Egg freezing has come a long way since the first birth from a cryopreserved human oocyte was reported in the Lancet in 1986.[1] Initial attempts utilized a technique called slow-freezing that yielded eggs with poor survival and pregnancy rates of approximately 12% per embryo transferred.[2] As a result, egg freezing was generally reserved for women in countries where embryo storage was not permitted by law or in cases where a single woman undergoing potentially sterilizing treatments wished to preserve her fertility.[3,4] An example of this would be a woman who banked her eggs before being treated for breast cancer with cyclophosphamide, a chemotherapeutic agent toxic to the ovaries.[3] So even though the older techniques meant that 100 eggs might be needed to achieve one live birth, low success rates were acceptable given the bleak alternative of sterility for cancer patients.[3,5] More recently, following substantial advancements in cryopreservation technique and evidence from randomized controlled trials, egg freezing has received mainstream attention.[6-9] Pregnancy rates with frozen eggs now match those achieved with fresh eggs, and elective fertility preservation is an exciting new frontier in reproductive medicine.

Social egg freezing refers to the cryopreservation of mature oocytes on an elective basis for the purpose of delayed childbearing. As of 2013, the American Society for Reproductive Medicine (ASRM) no longer considers egg freezing experimental, and large organizations such as Apple, Facebook, and the US military have started offering social egg freezing as an employee benefit.[10-13]
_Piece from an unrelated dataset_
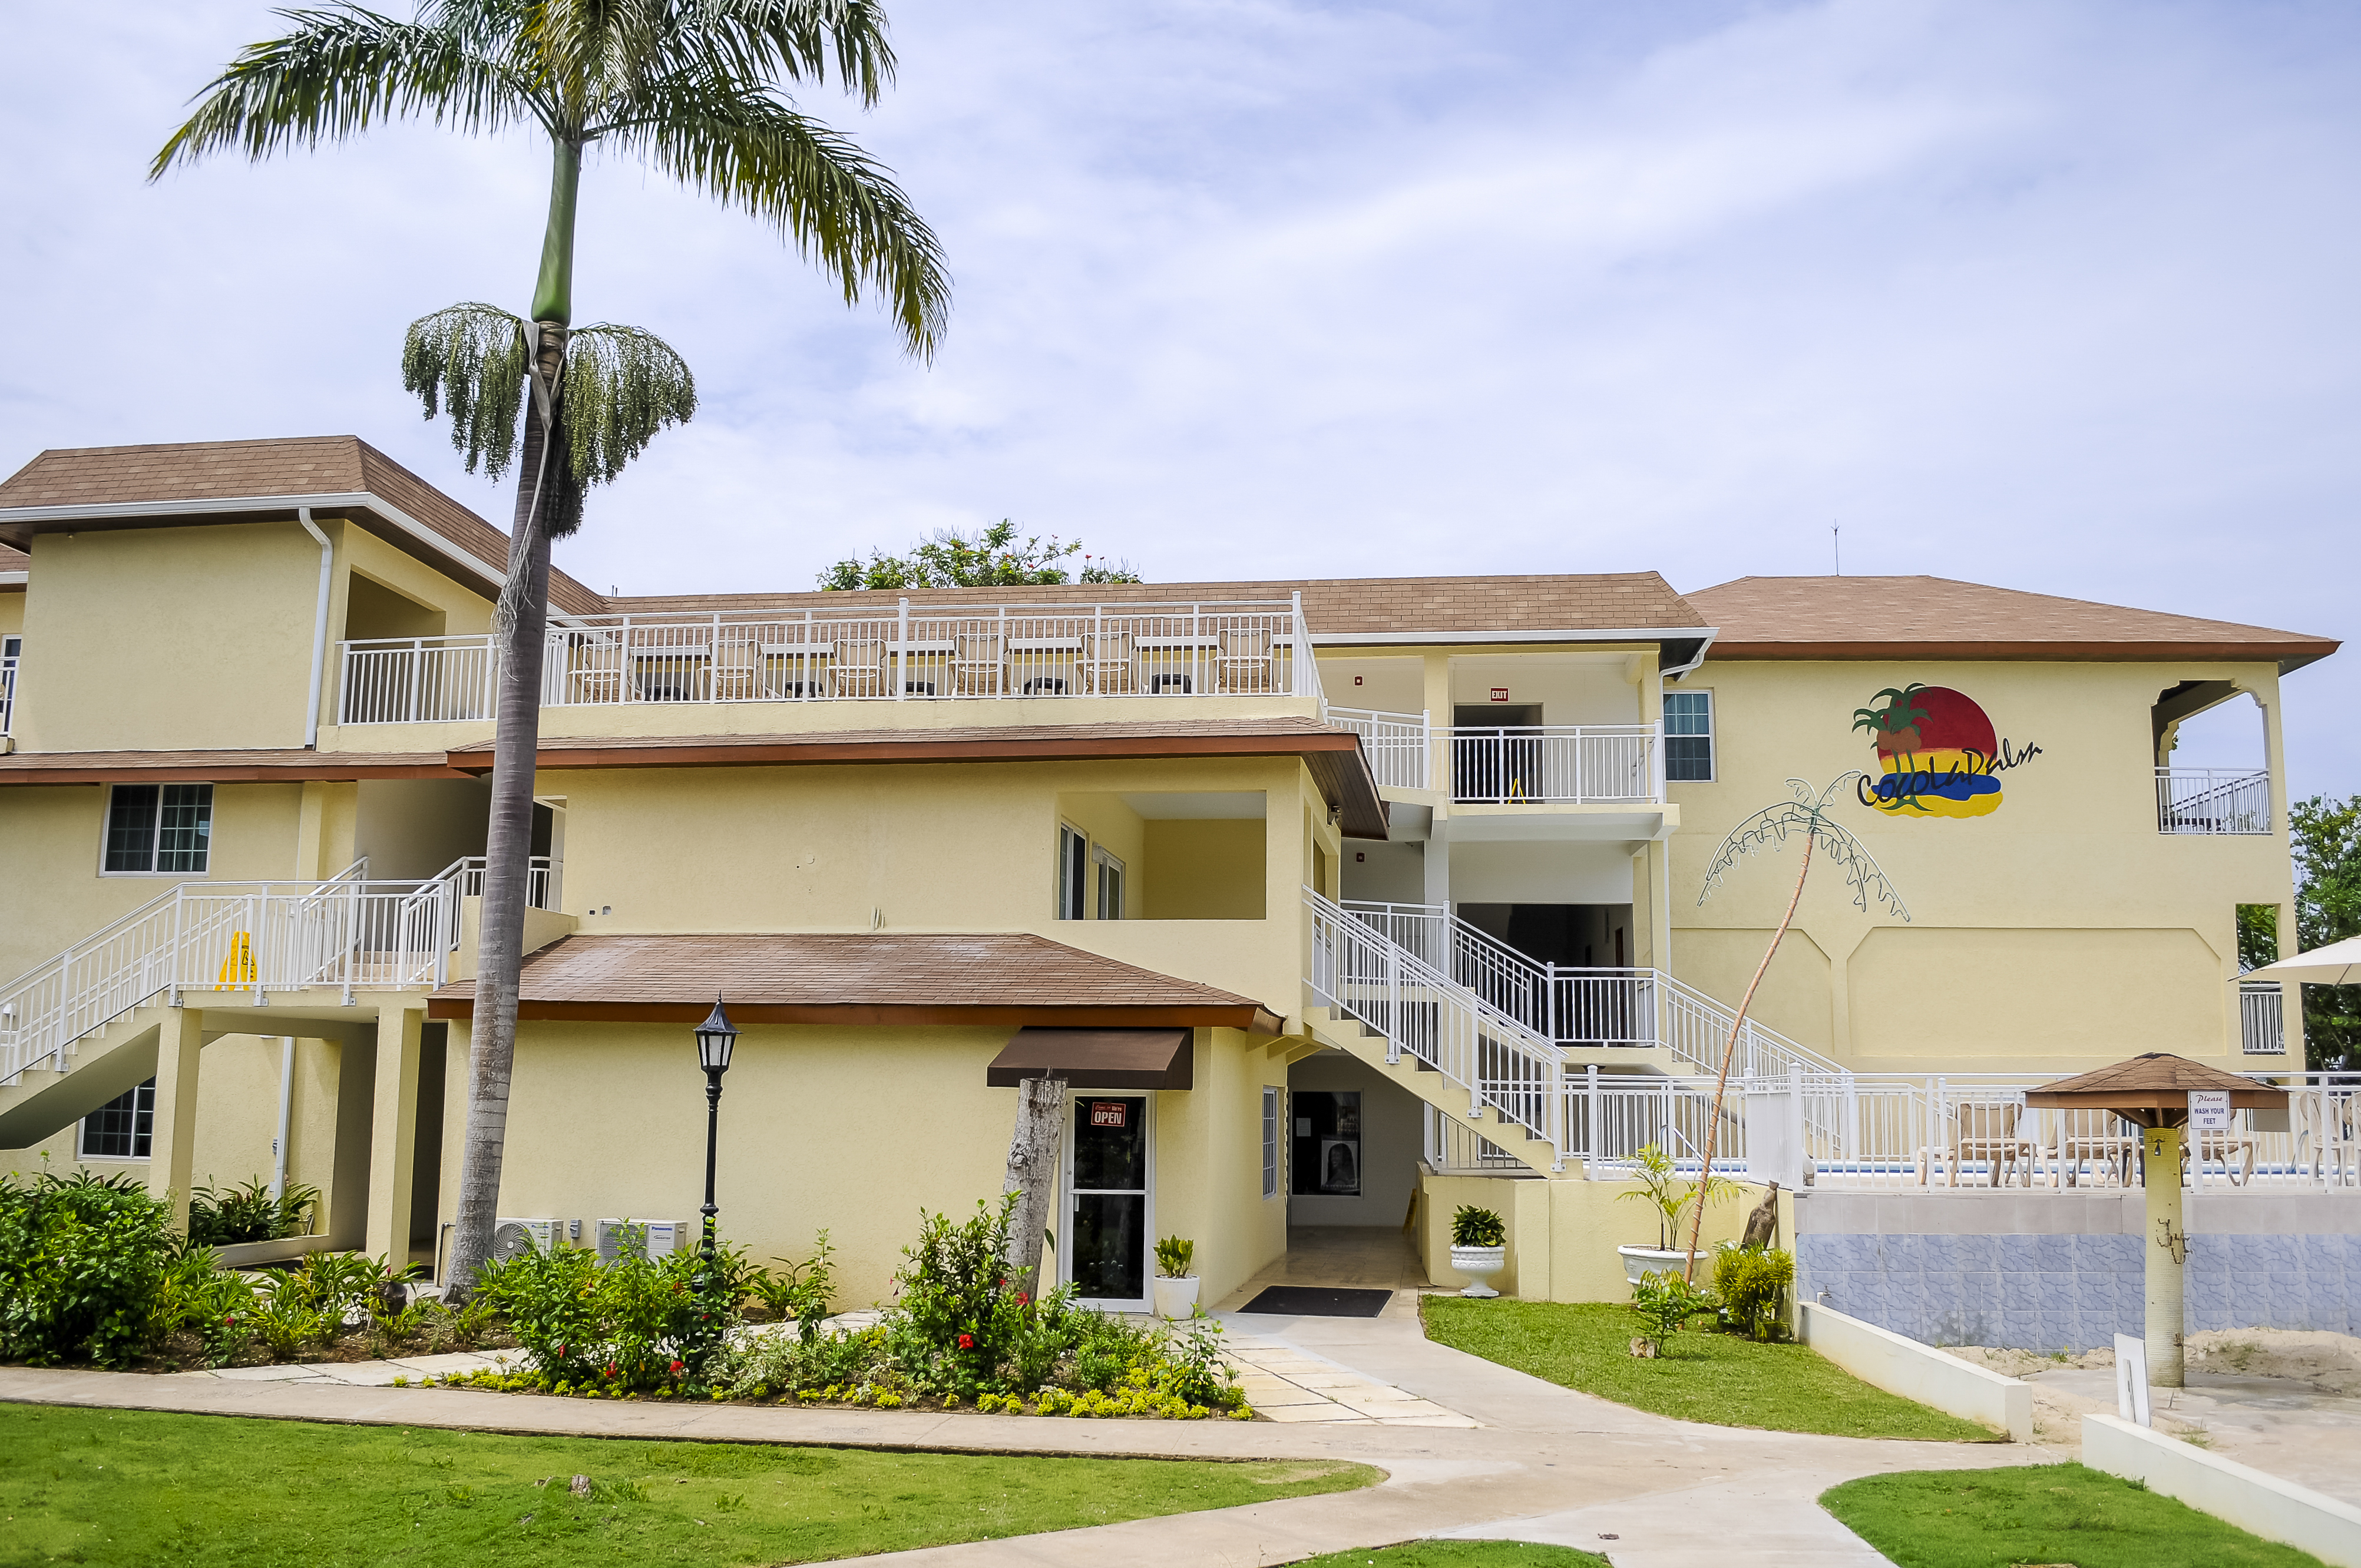 Coco La Palm Seaside Resort Hotel image

Why is egg freezing needed?
Over the past 30 years the industrialized world has seen a dramatic increase in the age of first birth.[14,15] According to Statistics Canada, 2010 marked the first time in our history that more women in their 30s were having children than women in their 20s.16 In 2011, there were 52.3 babies born per 1000 women age 35 to 39, compared with 45.7 per 1000 women age 20 to 24.[17] In British Columbia, the percentage of live births to women age 35 and older rose from 11% in 1990 to 23% in 2011, while births in the 20 to 34 age category fell from 83% to 74% over the same period.[18] In one study, the lack of a partner was by far the most common reason women gave for not pursuing childbearing earlier, followed distantly by professional and financial reasons.[15] When researchers from the University of British Columbia surveyed 360 female undergraduate students about their childbearing intentions, they found that “although most women were aware that fertility declines with age, they significantly overestimated the chance of pregnancy at all ages and were not conscious of the steep rate of fertility decline.”[19] It is therefore incumbent on health care providers to educate women about the risks of advancing reproductive age and to ensure that patients are not “sleepwalking” into unintended childlessness.[20] Women need to be made aware of the three main risks of delayed childbearing: infertility, aneuploidy, and miscarriage.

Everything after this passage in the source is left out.